After nearly a year into this pandemic, it's depressing to see much of the debate on response to Covid is stuck in the same place it was in March. It's not helpful to public health management. Nationally were stuck in a crippling
endless cycles of will we, won't we lockdown, and the media is still fixated on these tedious debates about how serious the virus really is and what the optimal strategy is - lock down or open up - because they're playing to political camps.
The question should be - how can we keep Covid-19 under control and safeguard health services while keeping the economy and society functioning?
It doesn't have to be one or the other.
Unfortunately it seems like a worldwide issue though, bar the odd places.
Sweden never locked down. I'm not saying the UK could have done what they did, as their population is much smaller and they were more equipped to deal with it. They have just got on with life as normal with a few restrictions on crowds etc. Again, it's a work-in progress so we can't fully judge.
New Zealand dealt with the virus brilliantly but that's a huge country with a population of 4,000,000, half of which live near or in Auckland.
Australia – again, helped by size and strict quarantine rules at the outset, though I know people in Melbourne etc were questioning why small spikes lead to full closures in Victoria. In Perth, the virus has had pretty much no impact in any way – again, that's probably down to location and how remote Perth is.
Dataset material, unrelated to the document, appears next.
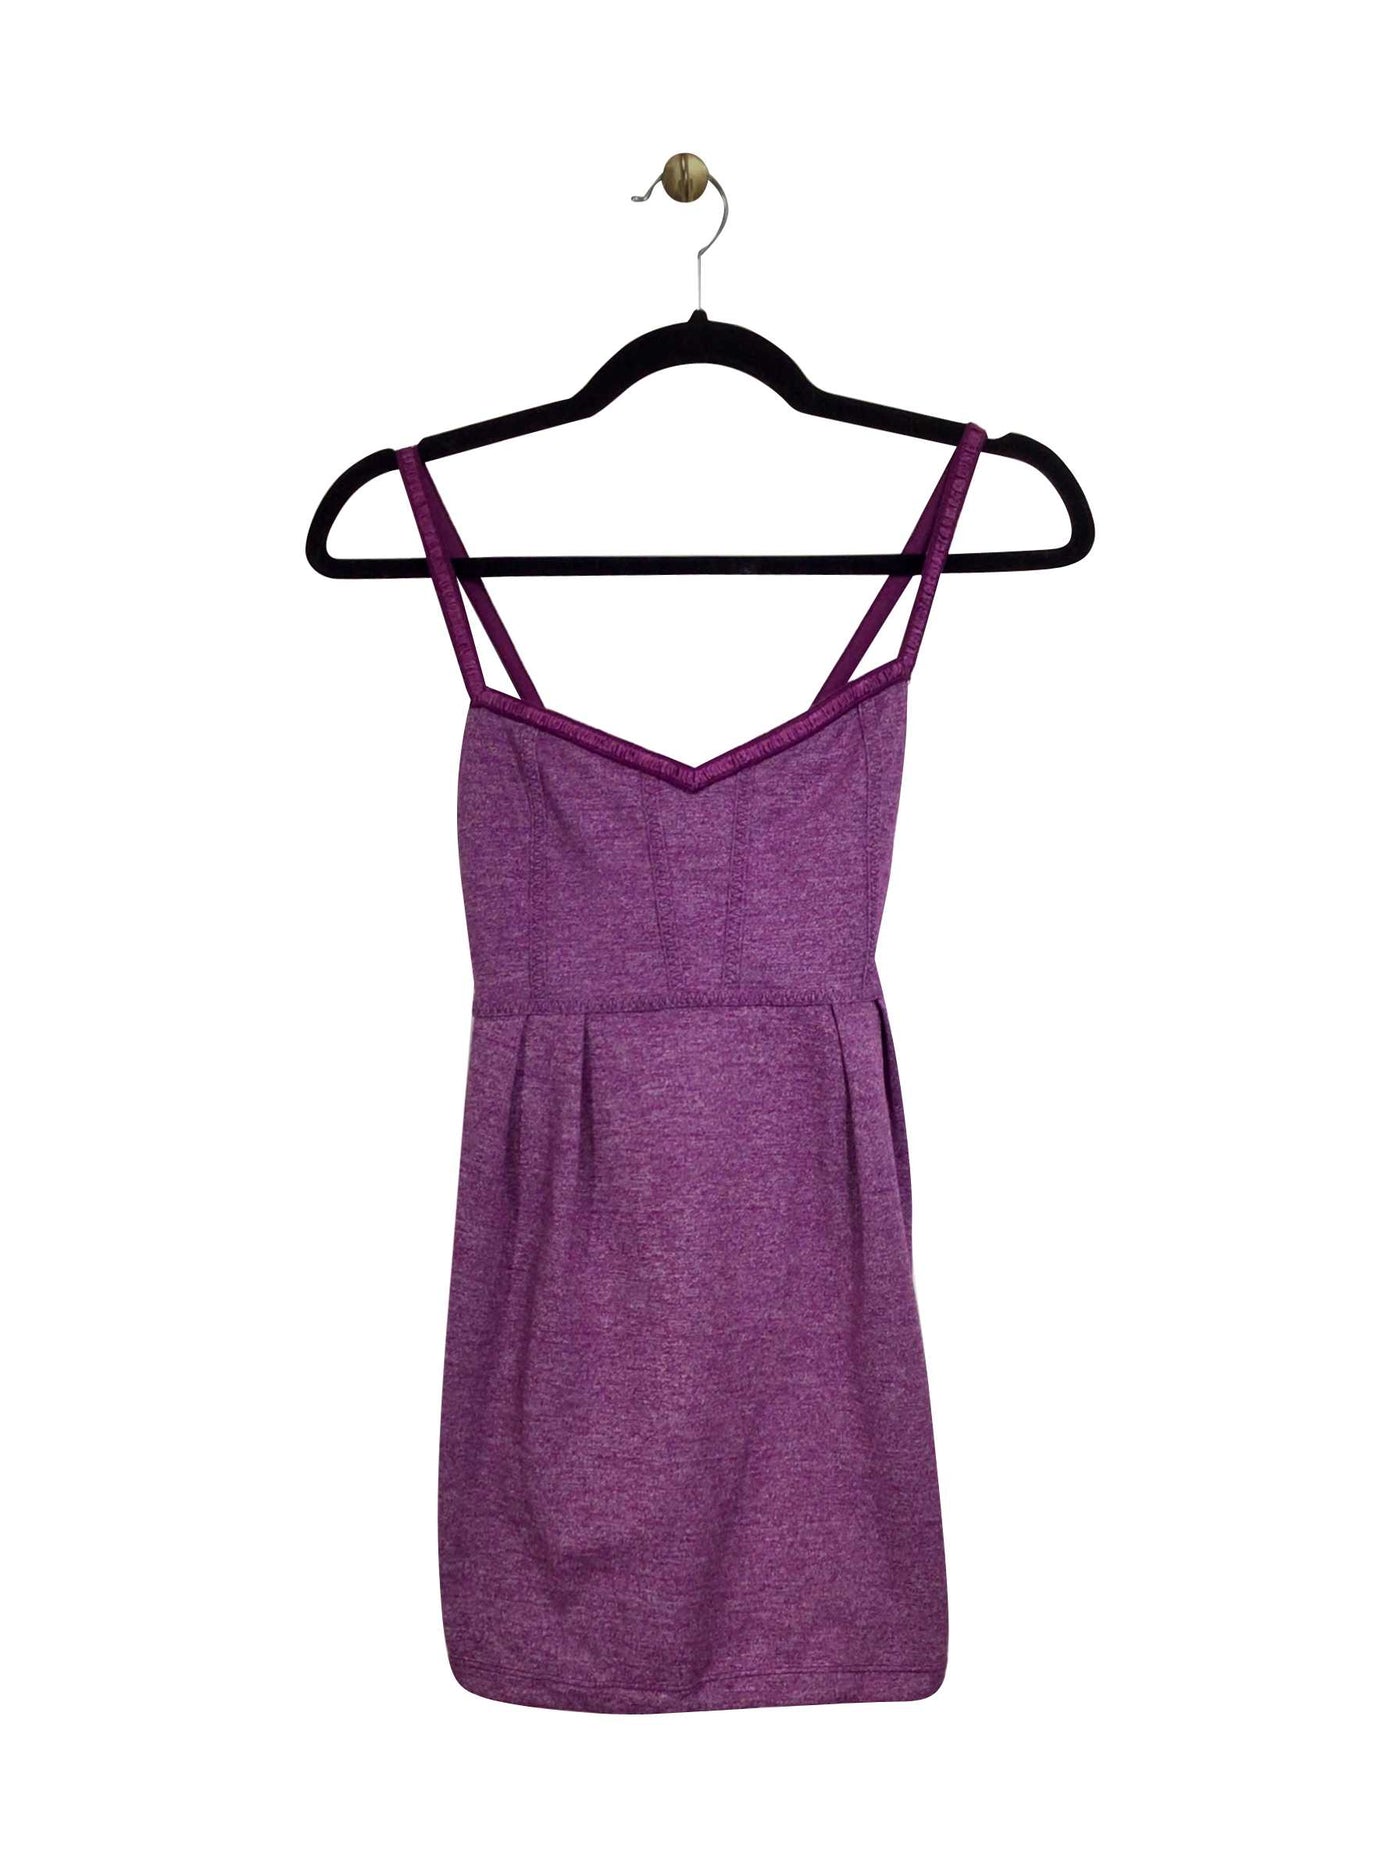 LULULEMON Regular fit Activewear Top in Purple - Size S | 21.99 $ KOOP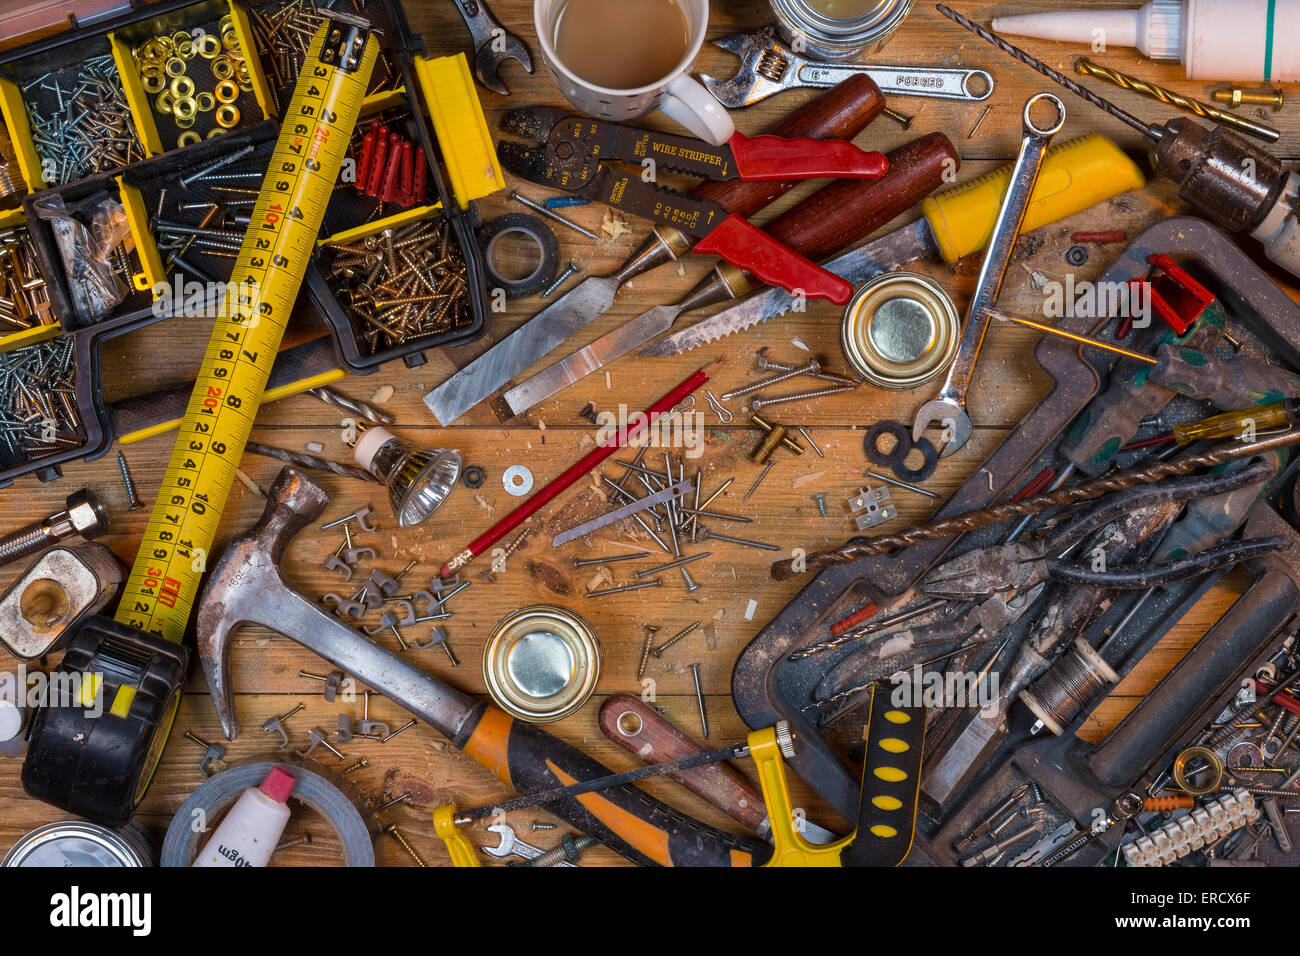 Pflege zu Hause - eine unordentliche Werkbank voller staubigen alten Werkzeuge und Schrauben. Stockfoto

There's a few more exceptions obviously but moving to Europe, as far as I can tell, there is still no plan of how countries can get out of this.
People will point to crowds in Germany and France etc, yet that is leading to spikes which are either not being fully reported in the UK or, because of how other countries' governments work, they are being dealt with differently.
Germany obviously coped with the virus better in the first wave.
Italy, Spain, France etc, there doesn't seem to be any actual plan of how to get out of this long term. Just like there isn't in the UK.